In Oakland’s Chinatown, where several of the recent anti-Asian attacks have occured, community organizers have vigorously pursued mutual aid programs as an alternative to increased policing. Forty Bay Area Asian American organizations issued their own separate joint statement, which also calls for non-carceral solutions to the violence. 

“We recognize that violence affects all of us and all of our communities,” says the statement, which was posted to Facebook by the Chinese Progressive Association of San Francisco. “We must invest in long-term community-centered solutions that create spaces for cross-racial healing that address underlying causes and create ways for all to thrive. We believe that our strength is in unity, not division, and that our histories and our futures are intertwined.”

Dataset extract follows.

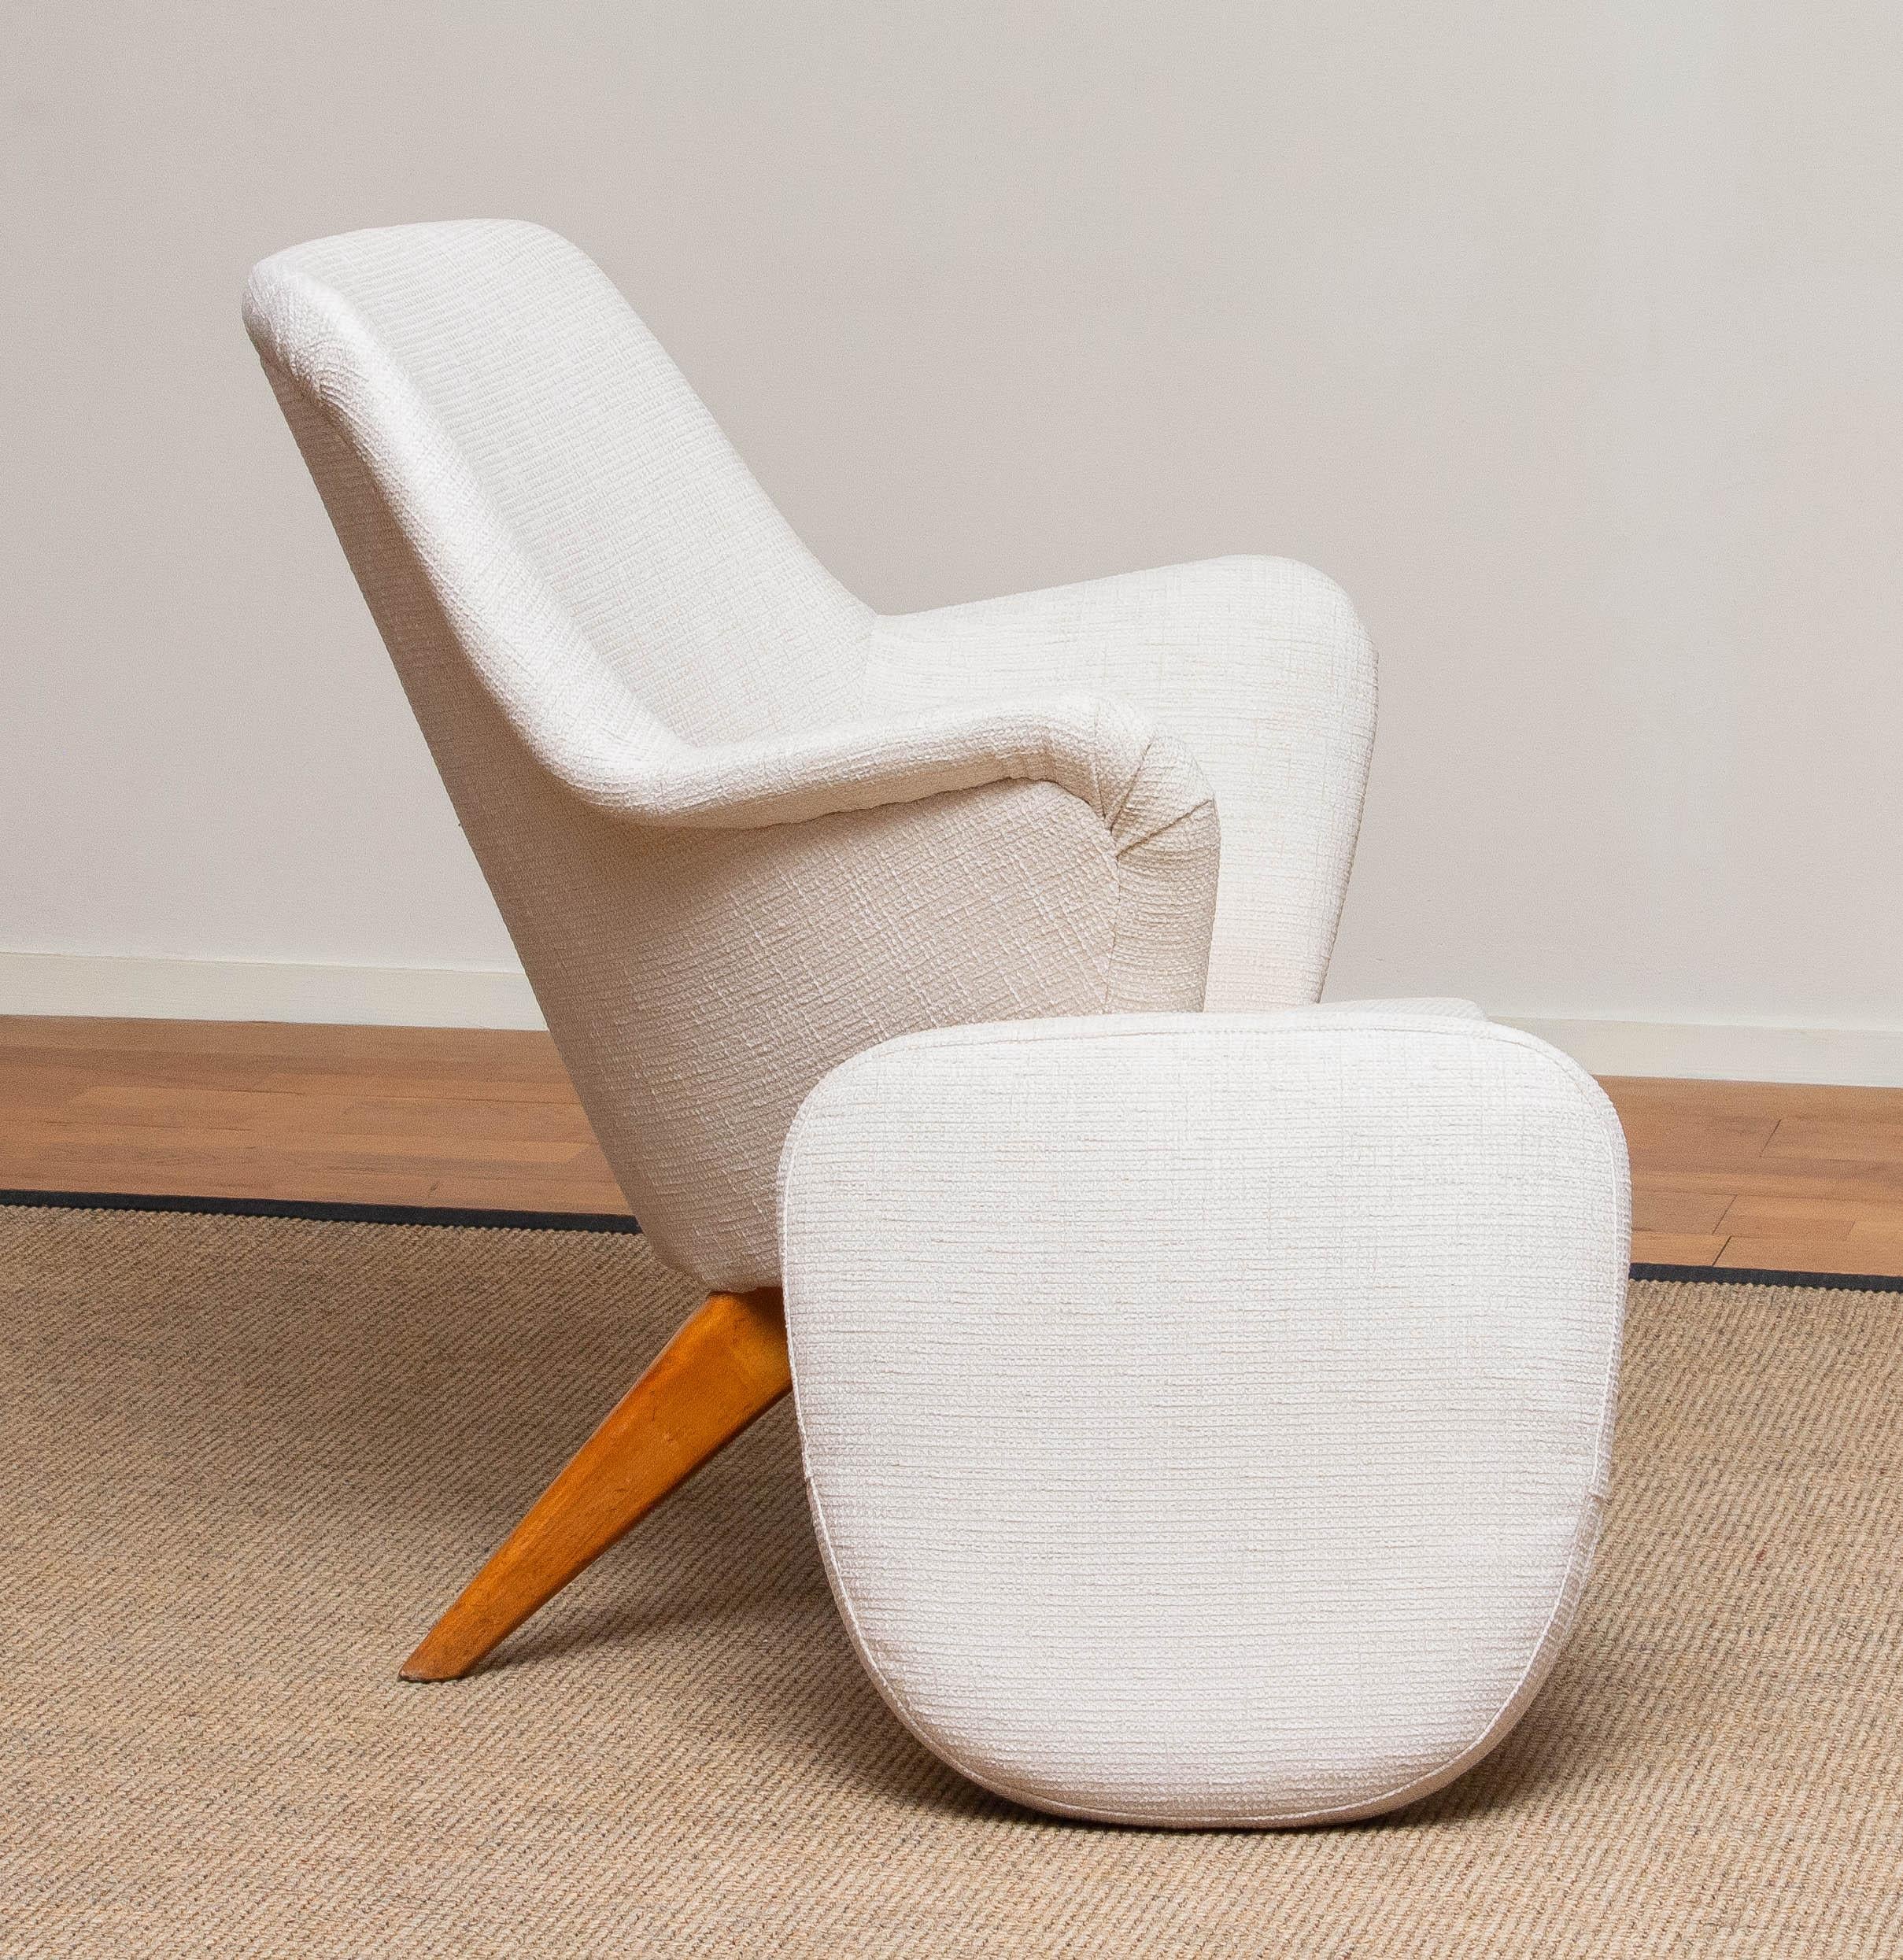 Mid-20th Century 1950s, 'Pedro' Chair by Carl Gustav Hiort af Ornäs for Puunveisto Oy-Trasnideri For Sale

Their statement also calls for better supportive services, enhanced intervention- and prevention-based programs, and improved cross-community education. These include volunteer-based community ambassador programs such as Community Strolling, which encourages volunteers to walk the streets of Chinatown to build better relationships with community members and engage in graffiti and trash clean-up. 

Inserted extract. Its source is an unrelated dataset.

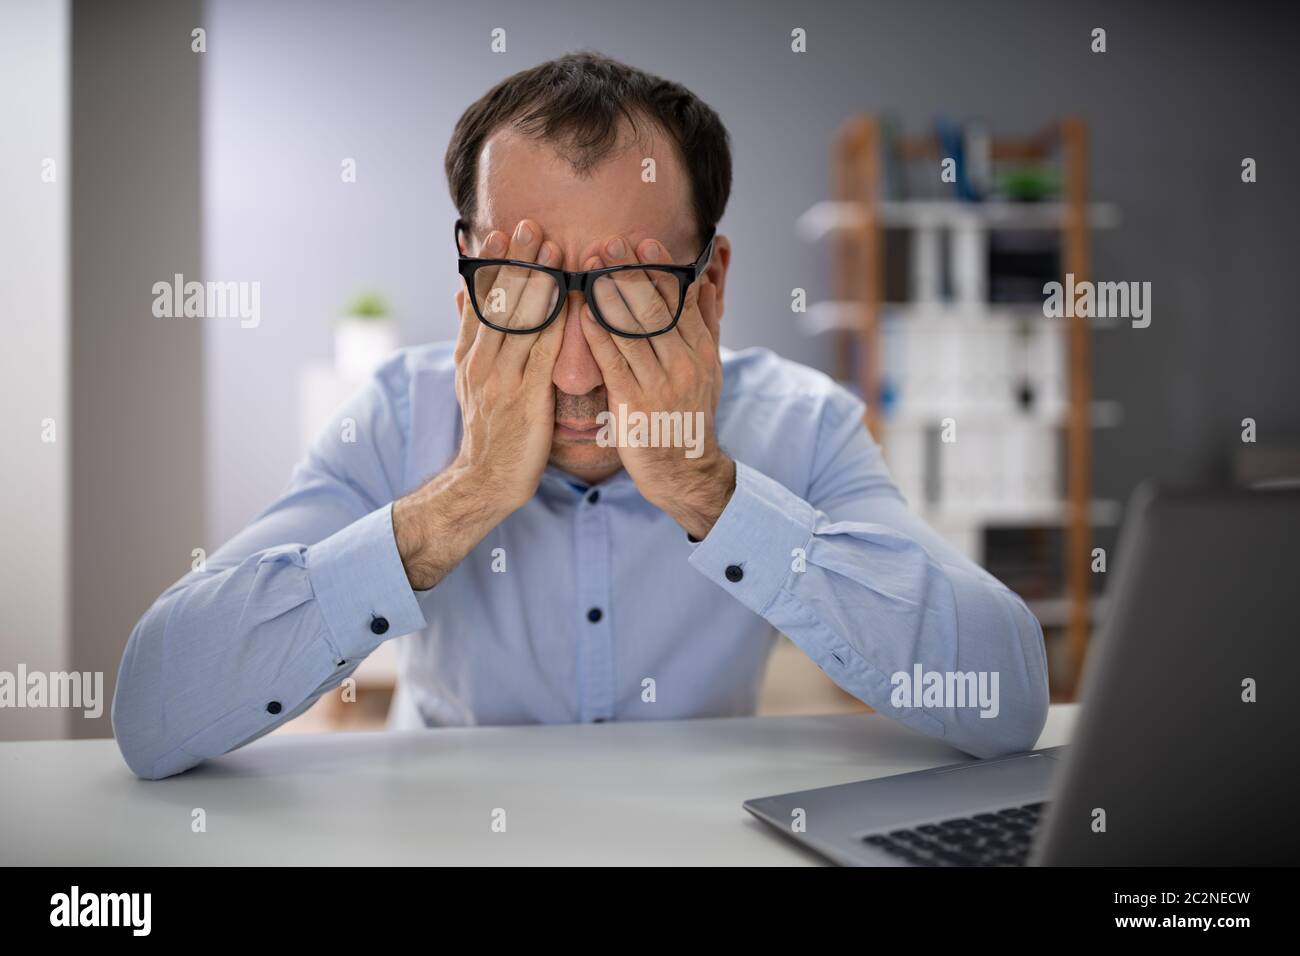 Man's Hand Over The Face With Eyeglasses In Office Stock Photo

“It’s difficult to shove a senior citizen to the ground if you see yourself in them, if you have a relationship to them,” said Ener Chiu of the East Bay Asian Local Development Corporation in an interview with KQED earlier this year.

Other groups in Oakland and around the country have organized free or low-cost self-defense and bystander intervention training, including some aimed specifically at Asian American women and elders. As anti-Asian violence combined with the COVID-19 pandemic continues to reduce foot traffic in Asian American ethnic enclaves, Los Angeles’ Little Tokyo has launched #LoveLT, a campaign to encourage customers to support the area’s legacy small businesses through shopping and meal donations. And efforts like The Blasian March aim to enhance cross-racial connection by organizing solidarity actions between Black and Asian American communities. 

“I really do think that it comes down to looking at the root causes,” Zhou-Lee said. “Lack of resources, miseducation, lack of opportunity for our community to economically thrive and flourish together. I think if we could take funding and put it into resources that address those problems, we could really reduce a lot of the crime rate from the very beginning.”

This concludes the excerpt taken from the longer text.